The risk of IT projects taking longer than expected.
Explain the IT-related Business Risk: - Talent risk.?
Talent risk.
The failure to source and the inability to retain the qualified talent needed to achieve the enterprise’s strategy.
IT risk is only one component of the overall risk universe of an enterprise, which also includes risk associated with: ….. (name 5 points)
In addition, the risk practitioner should be aware that IT risk is only one component of the overall risk universe of an enterprise, which also includes risk associated with:
- credit,
- regulatory compliance,
- environmental
- and labor considerations,
plus other factors substantially independent of IT.
Senior management support is vitally important throughout the risk-management process.
With it, the risk-management process is much more likely to have what? (4 points)
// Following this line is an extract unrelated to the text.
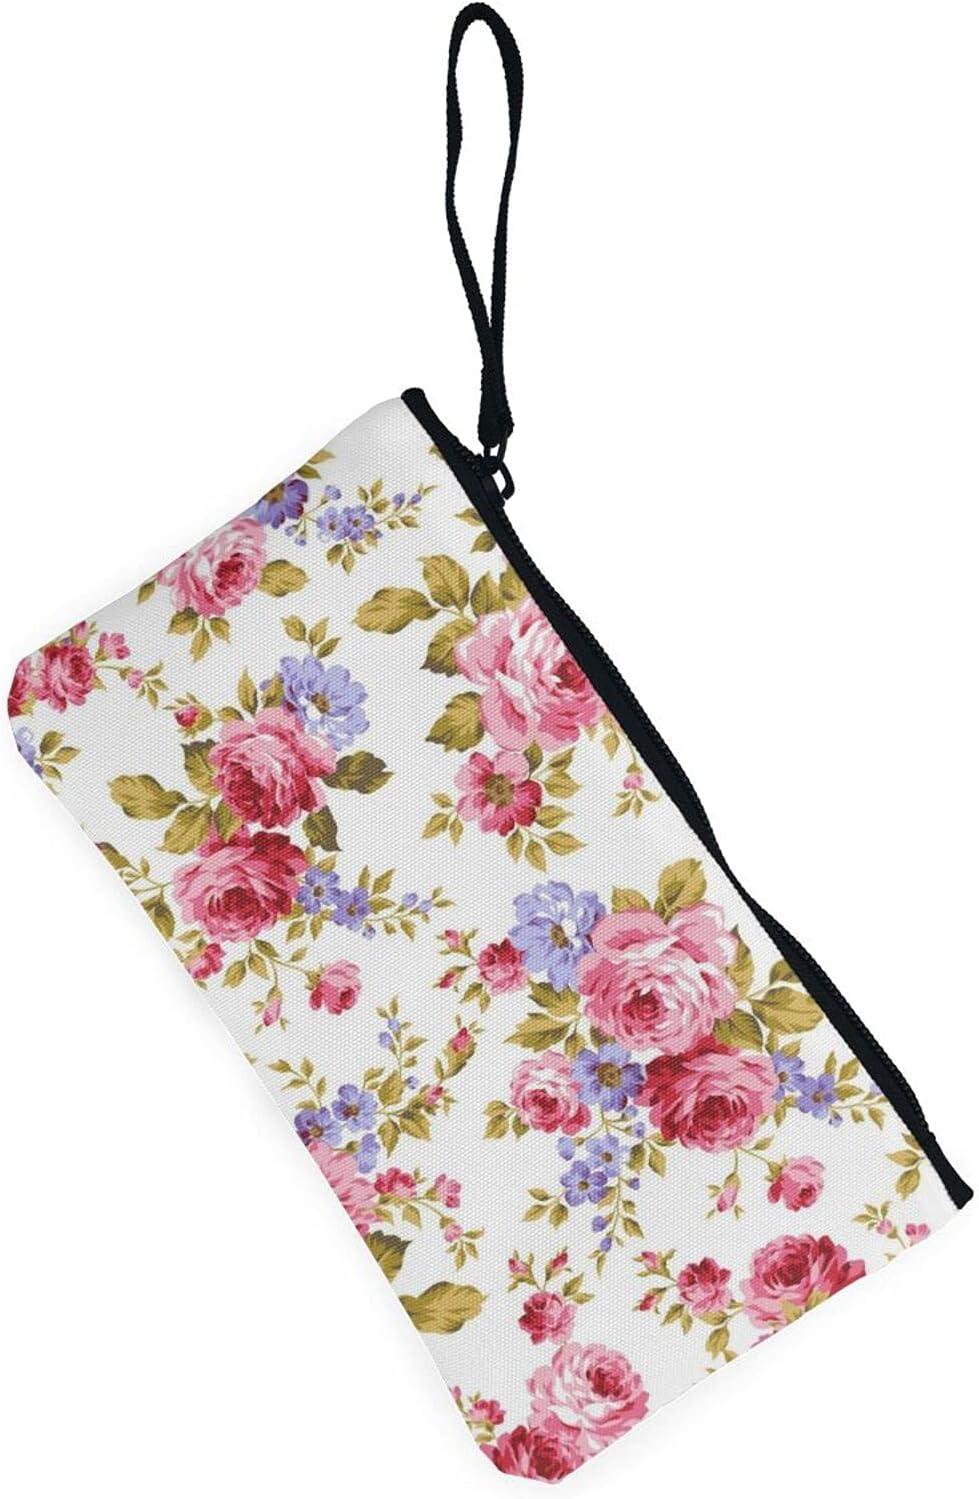 AORRUAM Flower texture Canvas Coin Purse,Canvas Zipper Pencil Cases,Canvas Change Purse Pouch Mini Wallet Coin Bag

Senior management support is vitally important throughout the risk-management process. With it, the risk-management process is much more likely to have the:
- budget,
- authority,
- access to personnel and information,
- and legitimacy
that will provide a successful result.
What does effective risk management depends on?
Effective risk management depends on knowing the enterprise’s goals and objectives.
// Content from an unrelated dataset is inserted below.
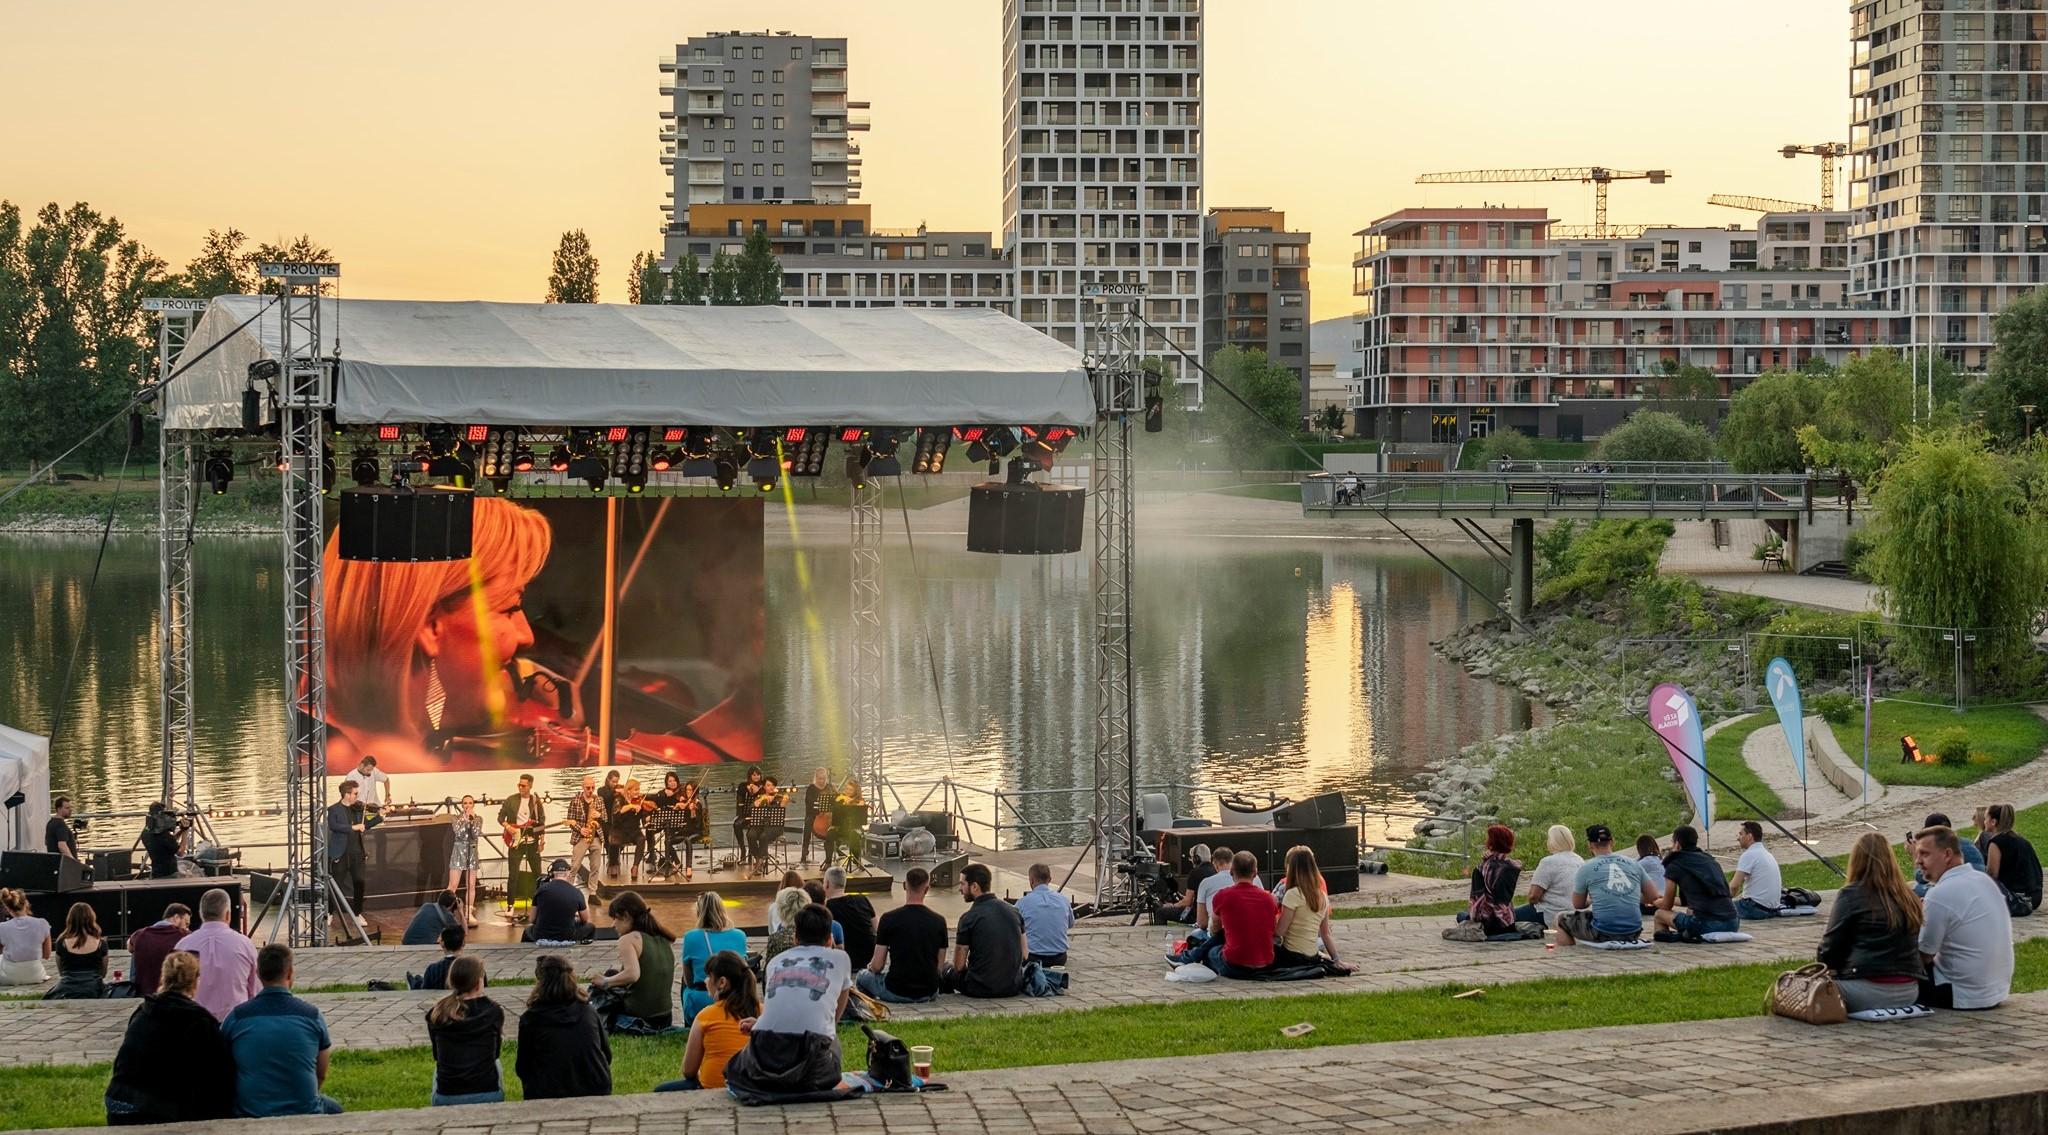 Ingyenes Duna-parti kertmozi nyílik a Kopaszi-gáton

What is the best way to understand the goals and objectives of the enterprise?
The best way to understand the goals and objectives of the enterprise is to maintain an active dialogue and regular communication with senior management.
Risk considers both the potential gains and possible losses of pursuing new ventures, which may include:
Name 4 points.
Risk considers both the potential gains and possible losses of pursuing new ventures, which may include:
- financial loss,
- reputational damage,
- changes in employment agreements
- and entry into new markets which introduce new regulatory environments.
What should the risk practitioner seek to avoid being seen as obstructionist? (7 points)
To avoid being seen as obstructionist, the risk practitioner should seek to:
- Understand the business in its proper context
- Listen to and understand the defined strategy
- Proactively seek out ways to secure appropriate technologies and business processes
- Build relationships that promote communication, allowing risk management functions to be incorporated into business processes and new projects.
- Be aware of changes to ensure the ability to respond accordingly
- Work to create a culture that encourages open and informed discussions of risk
- Advise on the various aspects of risk, but do not make decisions on behalf of the business.
What is the RACI Model?
The use of a RACI model can assist in outlining the roles and responsibilities of the various stakeholders. The purpose of a RACI model is to clearly show the relationships between the various stakeholders, the interaction between the stakeholders and the roles that each stakeholder plays in the successful completion of the risk management effort.
What does RACI mean?
There are four main types of roles that are involved in the risk management process:
- Responsible
- Accountable
- Consulted
- Informed
RACI Model: Explain R
Responsible.
These individuals, often the risk practitioner, are responsible for carrying out risk management efforts. Management can be responsible if risk includes the decisions made by the enterprise.
RACI Model: Explain A
Accountable.
These individuals, often senior management, are accountable for ensuring that risk management efforts are properly staffed, budgeted and are being carried out as planned.
RACI Model: Explain C
Consulted.
These individuals, often business process owners or executive leadership, provide required support and assistance in ensuring that risk management efforts are able to be carried out, in accordance with the direction of senior management.